Your task is to copy the stretch of lines in the records below that begins with the line containing "Selsil Ninja Mdf" and ends with the line containing "2020 Lytton Springs", exactly as written, with nothing added.

Collected data:
◆ ◆ ◆

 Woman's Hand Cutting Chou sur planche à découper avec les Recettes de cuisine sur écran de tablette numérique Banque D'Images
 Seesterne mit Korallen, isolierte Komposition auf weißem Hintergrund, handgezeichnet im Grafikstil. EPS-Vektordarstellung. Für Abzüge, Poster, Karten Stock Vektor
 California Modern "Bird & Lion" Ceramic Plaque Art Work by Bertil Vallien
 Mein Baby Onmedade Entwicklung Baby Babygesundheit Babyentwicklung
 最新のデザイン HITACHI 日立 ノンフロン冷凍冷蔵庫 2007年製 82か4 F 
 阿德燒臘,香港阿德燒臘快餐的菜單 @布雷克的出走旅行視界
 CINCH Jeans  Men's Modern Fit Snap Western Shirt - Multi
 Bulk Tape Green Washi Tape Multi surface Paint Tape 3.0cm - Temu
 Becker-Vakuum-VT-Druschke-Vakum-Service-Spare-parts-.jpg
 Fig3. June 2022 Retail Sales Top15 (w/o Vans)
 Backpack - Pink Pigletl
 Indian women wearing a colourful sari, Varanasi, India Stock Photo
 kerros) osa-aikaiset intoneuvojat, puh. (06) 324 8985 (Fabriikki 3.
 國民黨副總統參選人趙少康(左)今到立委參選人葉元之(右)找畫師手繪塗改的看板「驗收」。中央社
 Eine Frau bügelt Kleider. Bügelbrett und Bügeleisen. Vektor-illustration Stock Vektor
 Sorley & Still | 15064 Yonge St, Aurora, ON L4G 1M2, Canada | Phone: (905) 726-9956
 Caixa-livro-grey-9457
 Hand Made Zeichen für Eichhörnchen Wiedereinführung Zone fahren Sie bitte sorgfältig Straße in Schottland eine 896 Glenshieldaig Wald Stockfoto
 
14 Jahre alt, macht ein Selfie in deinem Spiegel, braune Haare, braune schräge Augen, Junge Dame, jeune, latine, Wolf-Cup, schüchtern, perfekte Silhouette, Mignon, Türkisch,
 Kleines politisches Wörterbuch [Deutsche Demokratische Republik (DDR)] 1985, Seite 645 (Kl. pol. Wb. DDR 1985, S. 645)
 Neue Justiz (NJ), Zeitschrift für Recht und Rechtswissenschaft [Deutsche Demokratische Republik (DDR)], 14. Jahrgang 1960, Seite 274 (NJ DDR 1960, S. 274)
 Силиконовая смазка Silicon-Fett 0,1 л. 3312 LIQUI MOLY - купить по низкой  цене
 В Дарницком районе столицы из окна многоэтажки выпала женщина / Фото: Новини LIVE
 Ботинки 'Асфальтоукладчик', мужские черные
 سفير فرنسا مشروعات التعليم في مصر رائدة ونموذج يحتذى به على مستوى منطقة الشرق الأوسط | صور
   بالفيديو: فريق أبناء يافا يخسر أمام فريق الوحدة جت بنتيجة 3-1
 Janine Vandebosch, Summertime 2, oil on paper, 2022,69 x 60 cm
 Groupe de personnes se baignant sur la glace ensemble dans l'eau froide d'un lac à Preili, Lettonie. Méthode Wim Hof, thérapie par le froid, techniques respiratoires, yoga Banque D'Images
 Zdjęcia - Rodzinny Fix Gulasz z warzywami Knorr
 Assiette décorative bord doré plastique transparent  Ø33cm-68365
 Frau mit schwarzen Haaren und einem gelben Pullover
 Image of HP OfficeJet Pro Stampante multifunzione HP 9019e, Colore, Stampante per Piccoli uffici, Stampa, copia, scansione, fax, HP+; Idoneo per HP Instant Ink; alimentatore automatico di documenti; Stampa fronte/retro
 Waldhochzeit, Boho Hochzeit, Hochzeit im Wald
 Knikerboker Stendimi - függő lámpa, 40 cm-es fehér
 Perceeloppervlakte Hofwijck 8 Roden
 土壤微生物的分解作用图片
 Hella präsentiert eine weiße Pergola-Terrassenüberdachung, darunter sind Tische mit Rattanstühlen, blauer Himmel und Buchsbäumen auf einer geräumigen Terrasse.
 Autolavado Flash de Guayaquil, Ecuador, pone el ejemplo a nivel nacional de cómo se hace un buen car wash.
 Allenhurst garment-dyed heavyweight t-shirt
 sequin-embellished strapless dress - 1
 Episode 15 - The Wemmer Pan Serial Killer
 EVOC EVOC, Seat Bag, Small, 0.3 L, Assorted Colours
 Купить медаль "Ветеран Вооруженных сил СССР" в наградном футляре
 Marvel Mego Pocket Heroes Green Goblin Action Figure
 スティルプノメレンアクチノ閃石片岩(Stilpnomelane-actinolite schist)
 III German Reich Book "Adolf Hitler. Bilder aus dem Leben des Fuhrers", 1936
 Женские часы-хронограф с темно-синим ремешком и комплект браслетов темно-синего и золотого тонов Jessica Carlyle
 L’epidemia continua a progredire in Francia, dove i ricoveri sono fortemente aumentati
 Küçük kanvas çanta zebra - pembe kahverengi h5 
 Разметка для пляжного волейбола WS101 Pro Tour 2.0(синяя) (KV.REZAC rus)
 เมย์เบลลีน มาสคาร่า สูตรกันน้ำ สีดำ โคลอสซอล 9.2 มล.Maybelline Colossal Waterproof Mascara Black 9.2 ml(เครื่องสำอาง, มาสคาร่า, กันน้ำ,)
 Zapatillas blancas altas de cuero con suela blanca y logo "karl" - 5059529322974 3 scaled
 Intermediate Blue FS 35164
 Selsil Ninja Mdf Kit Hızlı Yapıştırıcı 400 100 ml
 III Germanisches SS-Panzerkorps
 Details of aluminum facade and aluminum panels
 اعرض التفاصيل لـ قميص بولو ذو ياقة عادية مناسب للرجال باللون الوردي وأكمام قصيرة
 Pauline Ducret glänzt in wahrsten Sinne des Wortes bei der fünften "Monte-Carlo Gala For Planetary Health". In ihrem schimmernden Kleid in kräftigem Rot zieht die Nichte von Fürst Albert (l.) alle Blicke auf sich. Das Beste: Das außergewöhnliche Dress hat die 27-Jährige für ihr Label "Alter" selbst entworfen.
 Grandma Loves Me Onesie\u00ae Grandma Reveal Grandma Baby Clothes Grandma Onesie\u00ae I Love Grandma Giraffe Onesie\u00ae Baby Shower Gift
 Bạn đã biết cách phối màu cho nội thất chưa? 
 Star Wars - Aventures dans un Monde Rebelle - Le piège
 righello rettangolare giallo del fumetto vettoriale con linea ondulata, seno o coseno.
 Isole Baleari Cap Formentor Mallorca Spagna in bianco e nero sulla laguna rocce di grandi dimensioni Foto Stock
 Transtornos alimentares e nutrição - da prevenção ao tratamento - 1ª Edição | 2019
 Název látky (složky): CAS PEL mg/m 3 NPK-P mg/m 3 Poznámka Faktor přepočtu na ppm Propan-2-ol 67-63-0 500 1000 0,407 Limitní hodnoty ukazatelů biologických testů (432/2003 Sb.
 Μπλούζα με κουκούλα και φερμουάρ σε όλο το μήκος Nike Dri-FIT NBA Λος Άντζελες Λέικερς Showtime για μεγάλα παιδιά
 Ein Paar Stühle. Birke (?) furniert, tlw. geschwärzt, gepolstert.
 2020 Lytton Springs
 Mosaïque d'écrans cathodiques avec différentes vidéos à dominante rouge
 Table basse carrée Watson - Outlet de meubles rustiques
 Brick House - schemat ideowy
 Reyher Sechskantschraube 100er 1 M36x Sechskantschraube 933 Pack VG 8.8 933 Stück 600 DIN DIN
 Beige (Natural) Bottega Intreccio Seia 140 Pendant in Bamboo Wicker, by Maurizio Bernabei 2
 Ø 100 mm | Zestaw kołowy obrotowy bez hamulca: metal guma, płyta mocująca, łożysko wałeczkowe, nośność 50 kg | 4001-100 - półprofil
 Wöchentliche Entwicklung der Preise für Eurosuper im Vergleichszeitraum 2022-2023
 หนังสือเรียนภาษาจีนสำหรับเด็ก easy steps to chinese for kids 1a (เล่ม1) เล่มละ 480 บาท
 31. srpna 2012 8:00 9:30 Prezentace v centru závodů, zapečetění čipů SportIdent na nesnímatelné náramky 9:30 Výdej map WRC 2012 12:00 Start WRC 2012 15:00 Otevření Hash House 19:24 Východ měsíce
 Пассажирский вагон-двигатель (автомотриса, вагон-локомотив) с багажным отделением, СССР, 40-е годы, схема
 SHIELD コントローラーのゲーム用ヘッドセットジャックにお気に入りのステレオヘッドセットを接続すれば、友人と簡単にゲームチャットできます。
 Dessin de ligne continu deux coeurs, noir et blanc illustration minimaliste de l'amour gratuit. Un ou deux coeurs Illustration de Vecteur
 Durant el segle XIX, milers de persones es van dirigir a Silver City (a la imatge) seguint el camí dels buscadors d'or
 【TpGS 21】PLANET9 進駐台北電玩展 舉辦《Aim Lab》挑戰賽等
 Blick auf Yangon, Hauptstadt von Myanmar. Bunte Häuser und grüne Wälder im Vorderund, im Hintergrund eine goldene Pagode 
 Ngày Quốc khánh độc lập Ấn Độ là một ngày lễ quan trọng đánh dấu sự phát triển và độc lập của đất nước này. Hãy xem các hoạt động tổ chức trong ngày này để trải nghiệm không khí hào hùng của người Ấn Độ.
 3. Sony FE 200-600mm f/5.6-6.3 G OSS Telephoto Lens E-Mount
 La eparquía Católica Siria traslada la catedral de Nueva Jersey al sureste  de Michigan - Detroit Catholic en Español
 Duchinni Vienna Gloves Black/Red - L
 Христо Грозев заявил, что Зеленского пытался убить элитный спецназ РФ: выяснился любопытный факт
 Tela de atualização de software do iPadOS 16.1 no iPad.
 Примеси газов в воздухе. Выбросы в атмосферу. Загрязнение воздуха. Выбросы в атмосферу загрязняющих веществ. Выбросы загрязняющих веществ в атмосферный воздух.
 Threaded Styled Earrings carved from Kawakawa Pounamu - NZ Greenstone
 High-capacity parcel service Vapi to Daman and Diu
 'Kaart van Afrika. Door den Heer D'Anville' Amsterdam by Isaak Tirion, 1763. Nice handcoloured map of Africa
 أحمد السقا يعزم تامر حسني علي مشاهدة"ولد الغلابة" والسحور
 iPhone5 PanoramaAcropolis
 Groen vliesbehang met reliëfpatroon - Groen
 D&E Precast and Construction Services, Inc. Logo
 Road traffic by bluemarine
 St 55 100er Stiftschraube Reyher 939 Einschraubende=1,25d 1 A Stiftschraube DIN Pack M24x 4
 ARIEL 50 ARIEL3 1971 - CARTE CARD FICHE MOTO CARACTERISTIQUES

◆ ◆ ◆

YOUR RESPONSE -
 Selsil Ninja Mdf Kit Hızlı Yapıştırıcı 400 100 ml
 III Germanisches SS-Panzerkorps
 Details of aluminum facade and aluminum panels
 اعرض التفاصيل لـ قميص بولو ذو ياقة عادية مناسب للرجال باللون الوردي وأكمام قصيرة
 Pauline Ducret glänzt in wahrsten Sinne des Wortes bei der fünften "Monte-Carlo Gala For Planetary Health". In ihrem schimmernden Kleid in kräftigem Rot zieht die Nichte von Fürst Albert (l.) alle Blicke auf sich. Das Beste: Das außergewöhnliche Dress hat die 27-Jährige für ihr Label "Alter" selbst entworfen.
 Grandma Loves Me Onesie\u00ae Grandma Reveal Grandma Baby Clothes Grandma Onesie\u00ae I Love Grandma Giraffe Onesie\u00ae Baby Shower Gift
 Bạn đã biết cách phối màu cho nội thất chưa? 
 Star Wars - Aventures dans un Monde Rebelle - Le piège
 righello rettangolare giallo del fumetto vettoriale con linea ondulata, seno o coseno.
 Isole Baleari Cap Formentor Mallorca Spagna in bianco e nero sulla laguna rocce di grandi dimensioni Foto Stock
 Transtornos alimentares e nutrição - da prevenção ao tratamento - 1ª Edição | 2019
 Název látky (složky): CAS PEL mg/m 3 NPK-P mg/m 3 Poznámka Faktor přepočtu na ppm Propan-2-ol 67-63-0 500 1000 0,407 Limitní hodnoty ukazatelů biologických testů (432/2003 Sb.
 Μπλούζα με κουκούλα και φερμουάρ σε όλο το μήκος Nike Dri-FIT NBA Λος Άντζελες Λέικερς Showtime για μεγάλα παιδιά
 Ein Paar Stühle. Birke (?) furniert, tlw. geschwärzt, gepolstert.
 2020 Lytton Springs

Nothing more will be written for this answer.